In the various autopsy studies done in leprosy patients by Sakurai et al3 and Desikan and Job,4 no granulomata specific to leprosy was demonstrated in the heart or major blood vessels. However, Mitsuda and Ogawa5 while reporting on autopsies of leprosy patients observed that the heart had no lepromatous infilterates but had structures that could be atheroma or some form of endocardial elastoses.

Miguel and Miro6 while studying the circulatory function of 38 leprosy patients found that five had myocarditis. Various investigations performed in this documented report including histological examination of cases that were autopsied indicate that leprosy does not selectively involve the heart. Myocarditis is thought to be due to nonspecific infiltration and to hyaline degeneration sometimes encountered in autopsies. In these cases, a condition of generalized amyloidosis was found and the hyaline degeneration related to amyloidosis may be regarded in the heart as an expression of generalized metabolic disturbance caused by leprosy.

The accumulated literature on three commonly used antileprosy drugs clofazimine, rifampicin, and dapsone-induced adverse effects does not contain any reference to cardiotoxicity so it is unlikely that these drugs are responsible for this patient’s heart failure

Leprosy patients are at risk of cardiac autonomic neuropathy. Solanki et al observed a high prevalence of abnormally prolonged QTc with female preponderance in middle-aged leprosy patients having predominantly multibacillary bacteriological profile. Leprosy imposed six times risk for prolonged QTc as great as that for the age- and gender-matched healthy controls. QTc value, a feature of cardiac autonomic neuropathy, did not correlate with age, duration, or clinical profile for leprosy and peripheral neuropathy.7

Treu et al showed lepromatous leprosy causes severe microvascular dysfunction and significant alterations in capillary structure.8 Since microvascular dysfunction is a systemic process that occurs similarly in the entire body,9 it is possible to consider that the impairment of microvascular function observed in the skin microvasculature also occurs in the coronary microcirculation, which results in heart failure.
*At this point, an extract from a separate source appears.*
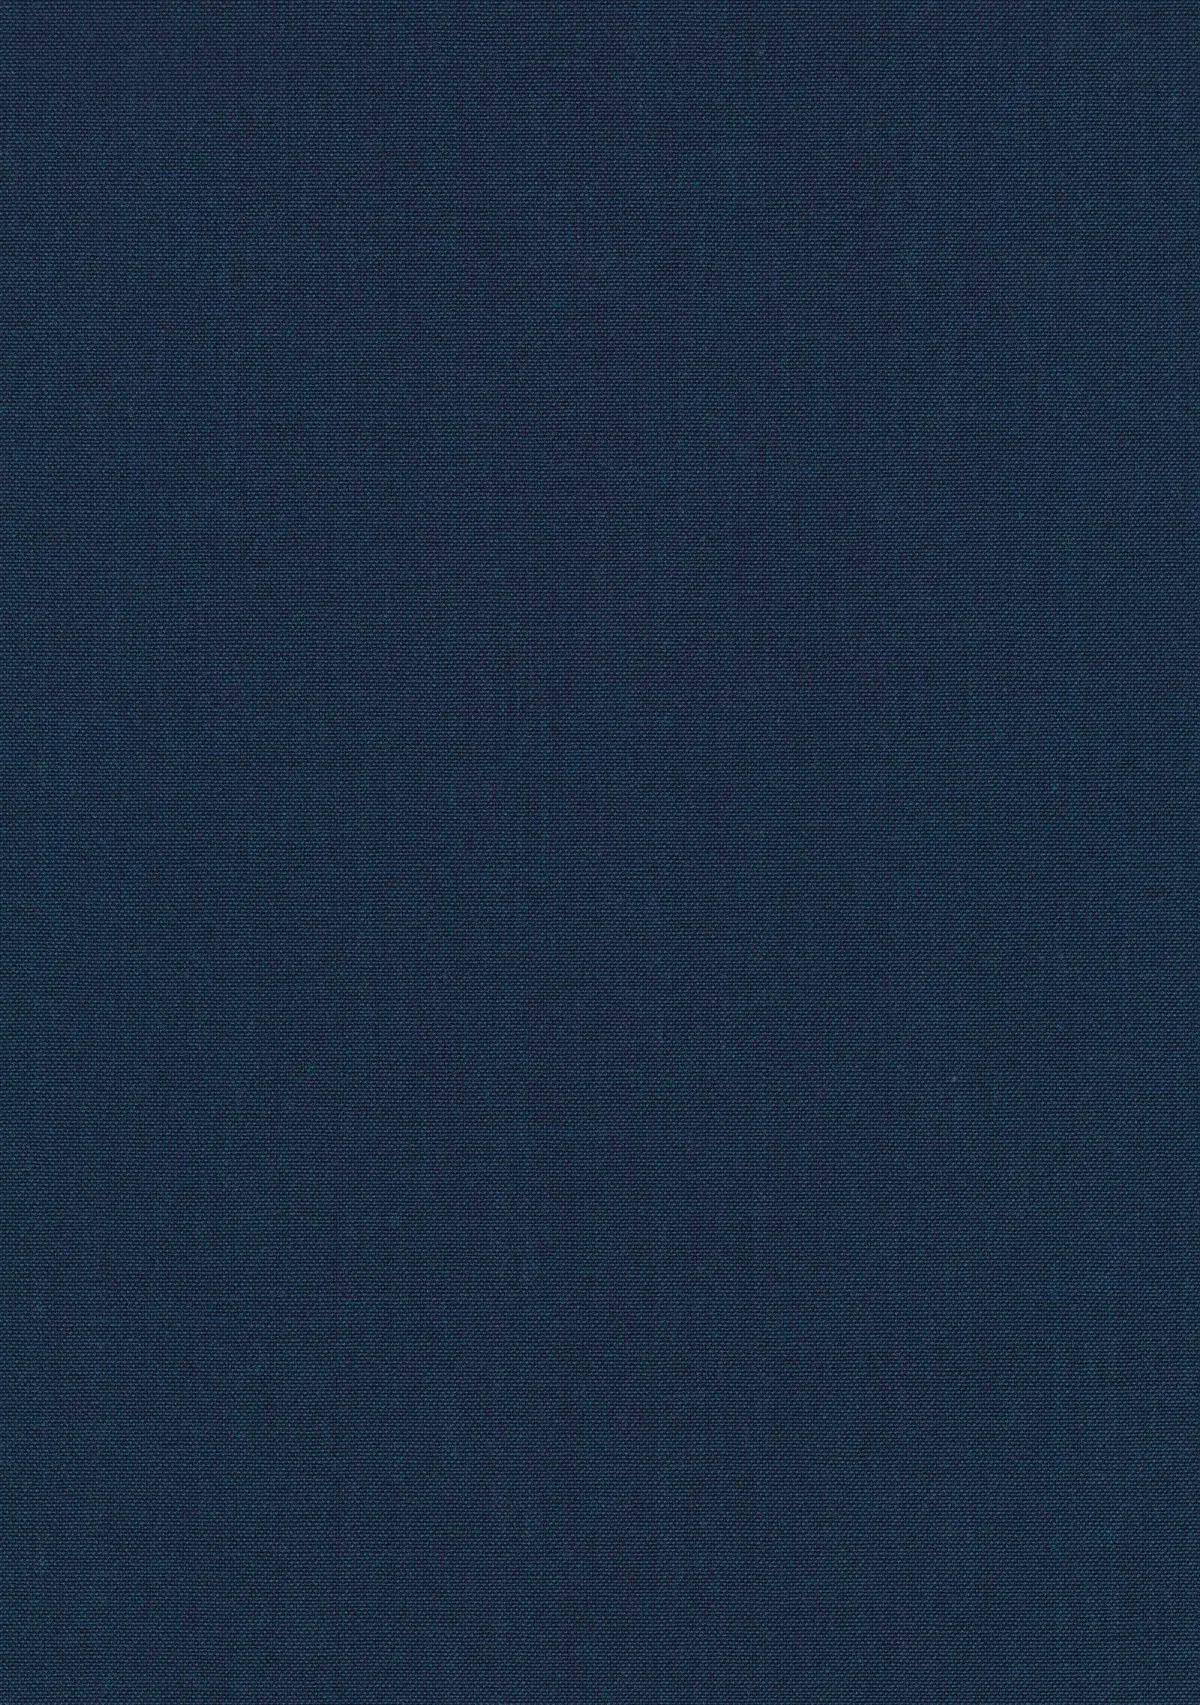 Fabric sample Remix 3 866 blue

Though the coronaries are normal in this patient, a chronic microvascular dysfunction that has caused myocardial failure can be considered.

Conclusion

There have been only a few case reports of patients with leprosy presenting with heart failure, our case being one of them. Leprosy can have varied and rare presentations. This case highlights the cardiac failure as a part of multisystem involvement in Hansen’s disease. Treatment of dilated cardiomyopathy caused by leprosy is the same as standard heart failure therapy with no role of immunosuppressants and steroids.